Image: Xataka with Grok 3.

  • The speed impresses: it is remarkably faster than Deep Research of OpenAi … but at the cost of sacrificing depth for speed. Of course, your selection of sources and appointments is usually really good.
  • Unlike Gemini, it does not allow exporting reports directly to documents or customize the research approach. Again: Grok is very intelligent and capable, in his own way, but he lacks a product. Little llm is of little use if it forces to start from scratch and process all the information.

Creativity and tone

  • To try his creative writing I asked him for a story about a time traveler facing a paradox. The result was quite solid in construction of characters, details, descriptions and atmosphere, overcoming even the one that I consider the best in that aspect, Claude 3.5 Sonnet. Of course, some plot turns seem quite forced.
Cleanshot 2025 02 21 at 11 22 18 2x
Cleanshot 2025 02 21 at 11 22 18 2x

Image: Xataka with Grok 3.

  • His humor is basic and predictable, limited almost all the time to quite obvious words games. Teenage humor If the concept of disturbing valley You can move to a chatbot, Grok 3 is in that 99%: too fine to look like a caid robot, too predictable to finish convincing.
  • It maintains political neutrality even on issues such as immigration or trans rights. Musk says it can be politically incorrectbut it seems that it is something that has more to do with what the user requires that a feature of his personality. That is to say: it can be taken out of correction, but only when the user pushes to it.

Some limitations

  • It does not allow customizing the behavior of the model, unlike chatgpt; or the response style, as Claude allows.
  • It is limited to being a text drawer. You are only accompanied by the buttons to attach a file, activate your Deepsearch or activate your reasoning mode. That, and a few elementary instructions. No projects such as Claude or GPTS of Chatgpt, or the agents of Le Chat. In short: Nothing to retain pre -established contexts and guidelines or documentation to facilitate work. We always have to start from a new canvas.
Cleanshot 2025 02 21 at 11 38 49 2x
Cleanshot 2025 02 21 at 11 38 49 2x

The interface is good, intuitive, simple … but they miss tools that make it more versatile and appetizing to integrate it into our day to day. It is powerful and capable for specific uses, but the product built around chatgpt, claude or le chat (projects, agents, previous instructions, etc.) make those alternatives something much more interesting for serious and recurring use. Image: Xataka with Grok 3.
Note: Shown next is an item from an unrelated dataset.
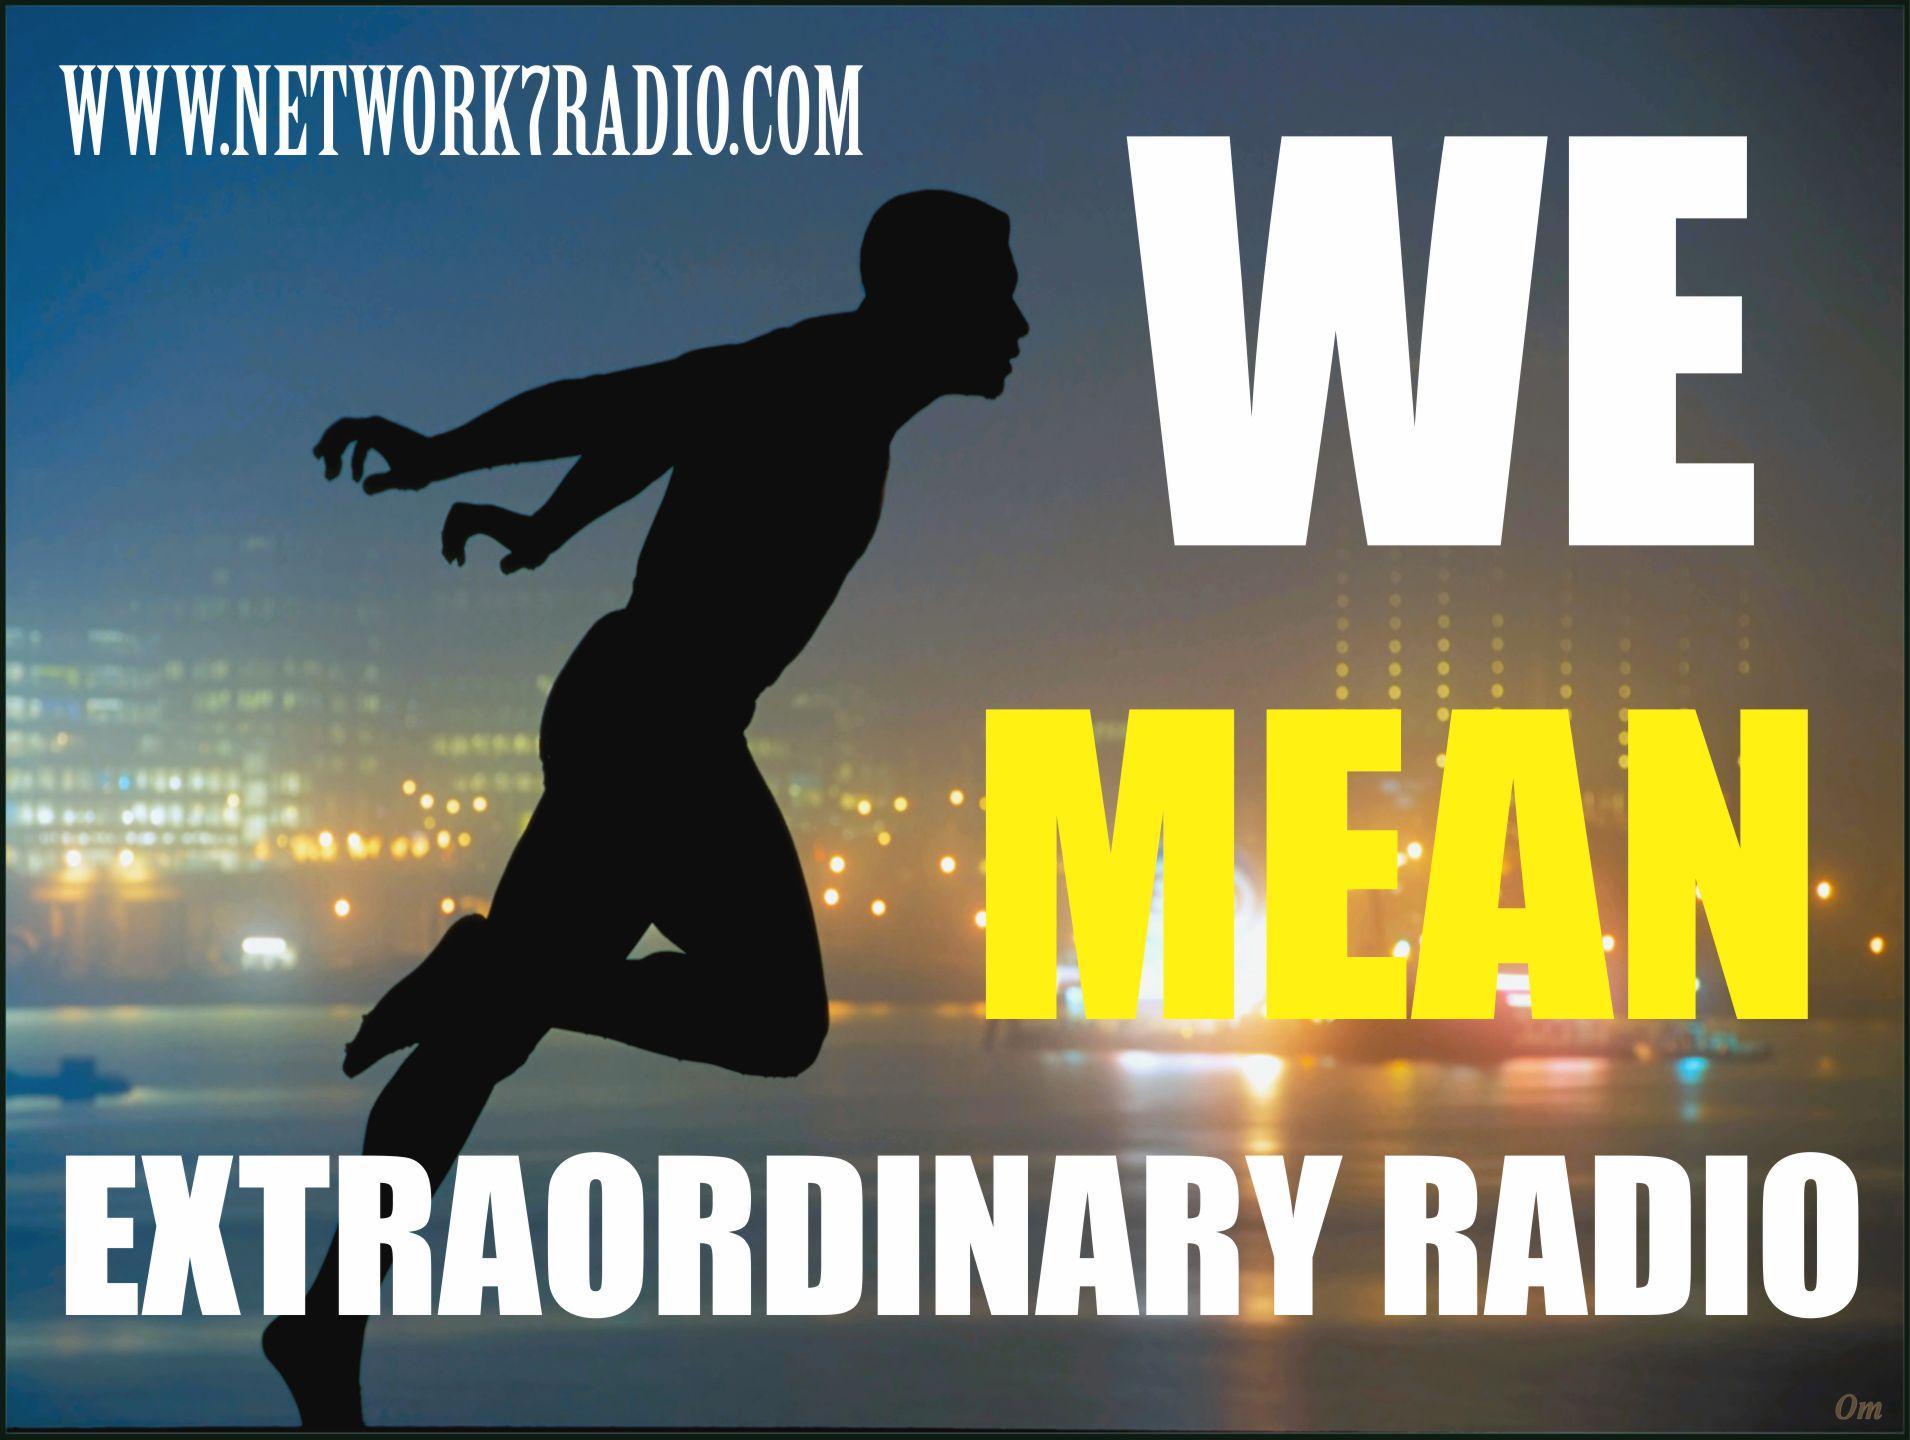 Network 7 Radio

  • The security keeps are stricter than those of Grok 2. with that version We hallucinate for its lack of scruplesbut Grok 3 seems to recover them: he refused to generate a template for a mass fraud campaign by mail simulating that I am a Valencian prince in search of heiress.
  • The generation of images does seem, again, more lax. Midjourney does not allow to create anything containing the words “Donald Trump” or “President of the United States”. Nothing. Grok 3 does not put so many objections. Not even with its owner.
Cleanshot 2025 02 20 at 17 48 00 2x
Cleanshot 2025 02 20 at 17 48 00 2x

Image: Xataka with Grok 3.

You can try Grok 3 from its official website or from Its integration into x (which is why you have seen two somewhat different interfaces in this article). It is temporarily free, but we already know that it will be one of the reasons to pay a subscription to X, and not the cheap.
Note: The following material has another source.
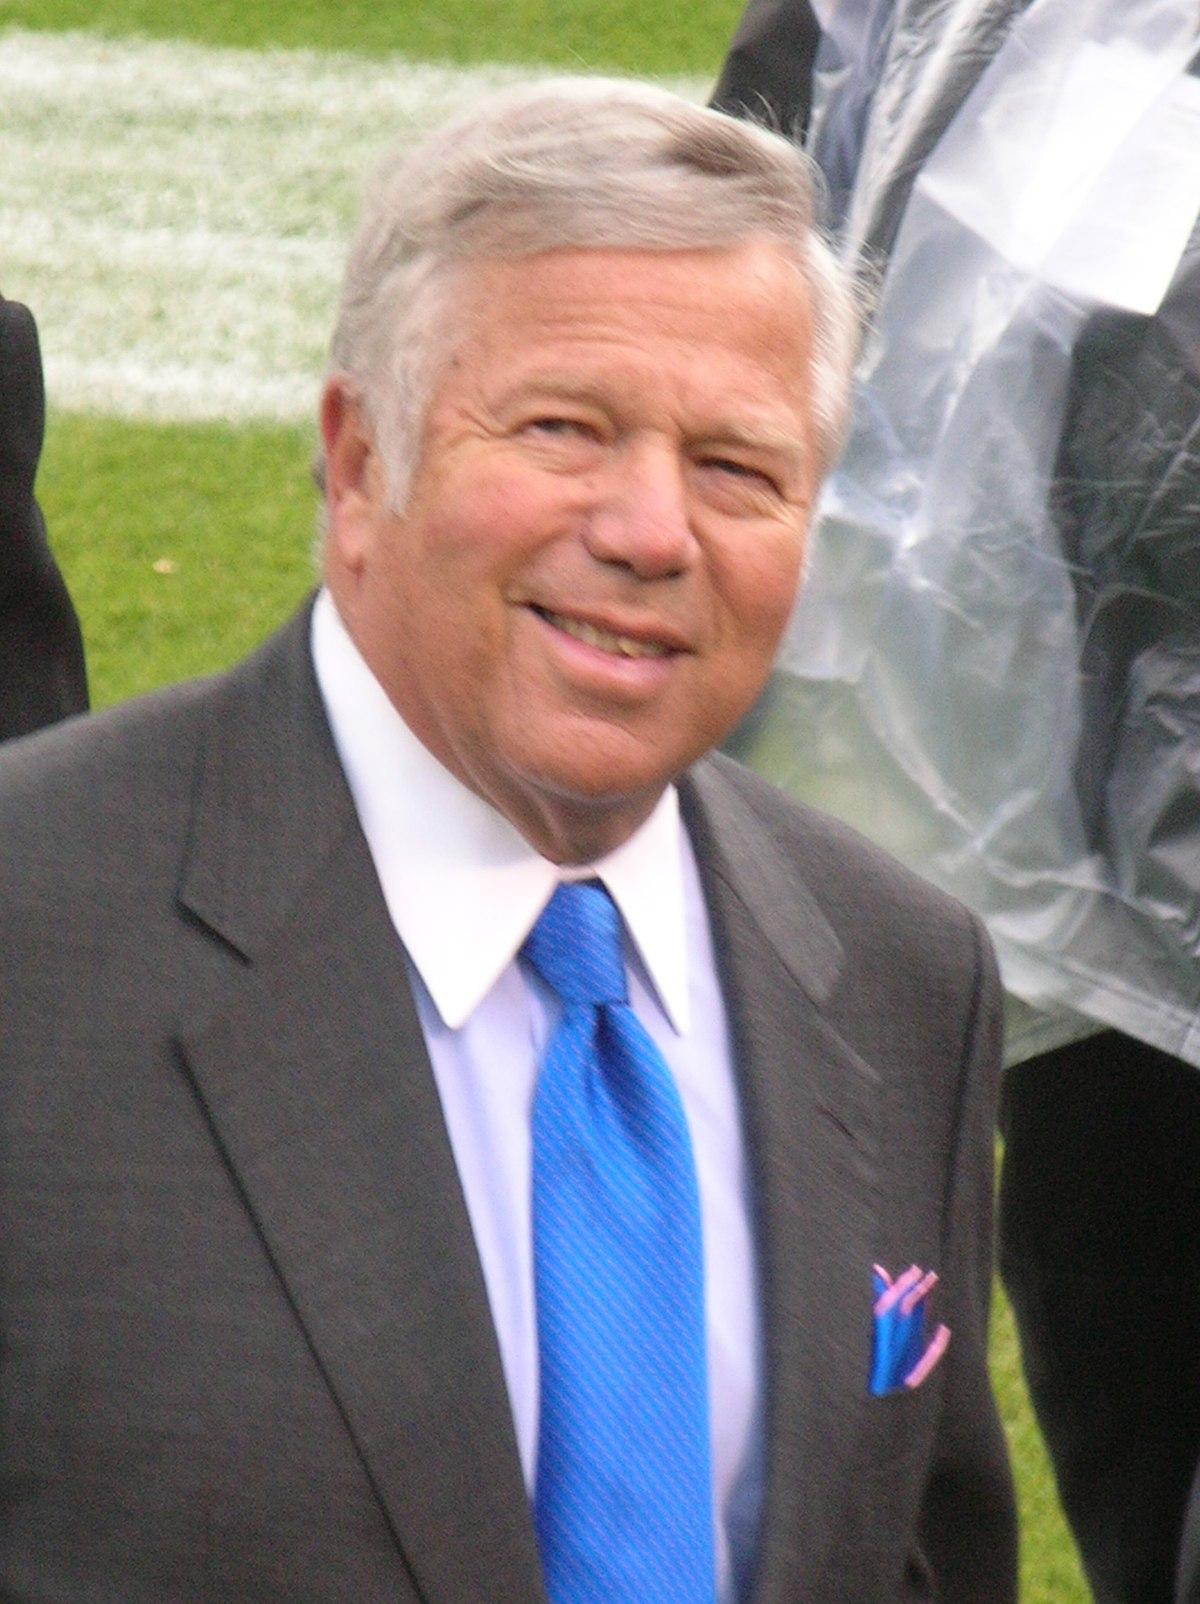 Robert Kraft - Wikipedia

Its ability is undeniable, but we have so much offer of similar alternatives that being a bit more intelligent or fast is not differential. The difference is the product, and that is where Grok 3 has more margin of improvement.
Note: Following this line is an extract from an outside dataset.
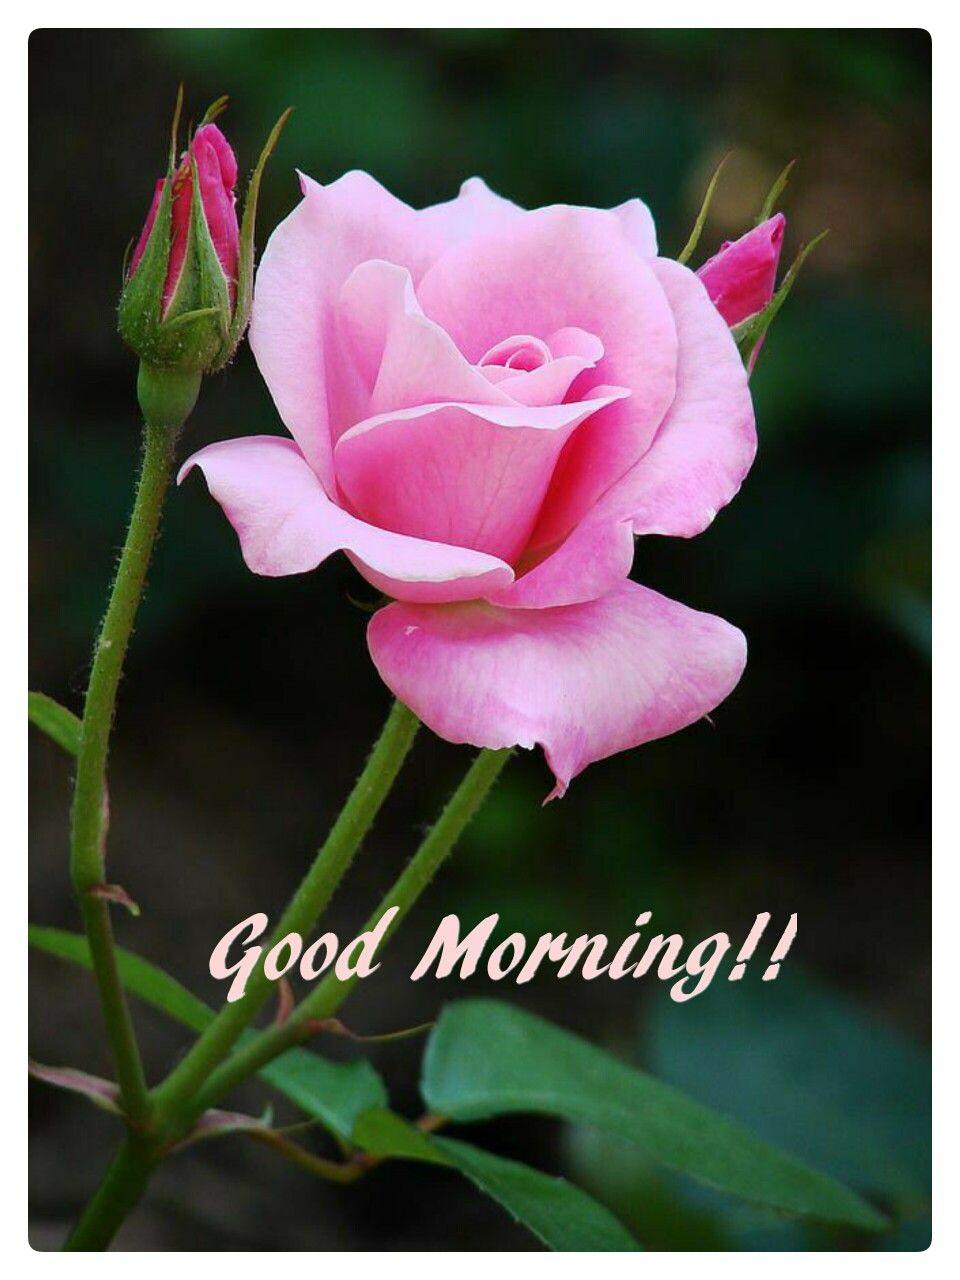 Good Morning Good Morninghave A Wonderful Day Pinterest

Outstanding image | Xataka with Mockuuuups Studio

In Xataka | Deep Research is not just a new AI function. It is the beginning of the end of intellectual work as we know it

Leave your vote

Leave a Comment

GIPHY App Key not set. Please check settings

Log In

Forgot password?

Forgot password?

Enter your account data and we will send you a link to reset your password.

Your password reset link appears to be invalid or expired.

Log in

Privacy Policy

Add to Collection

No Collections

Here you'll find all collections you've created before.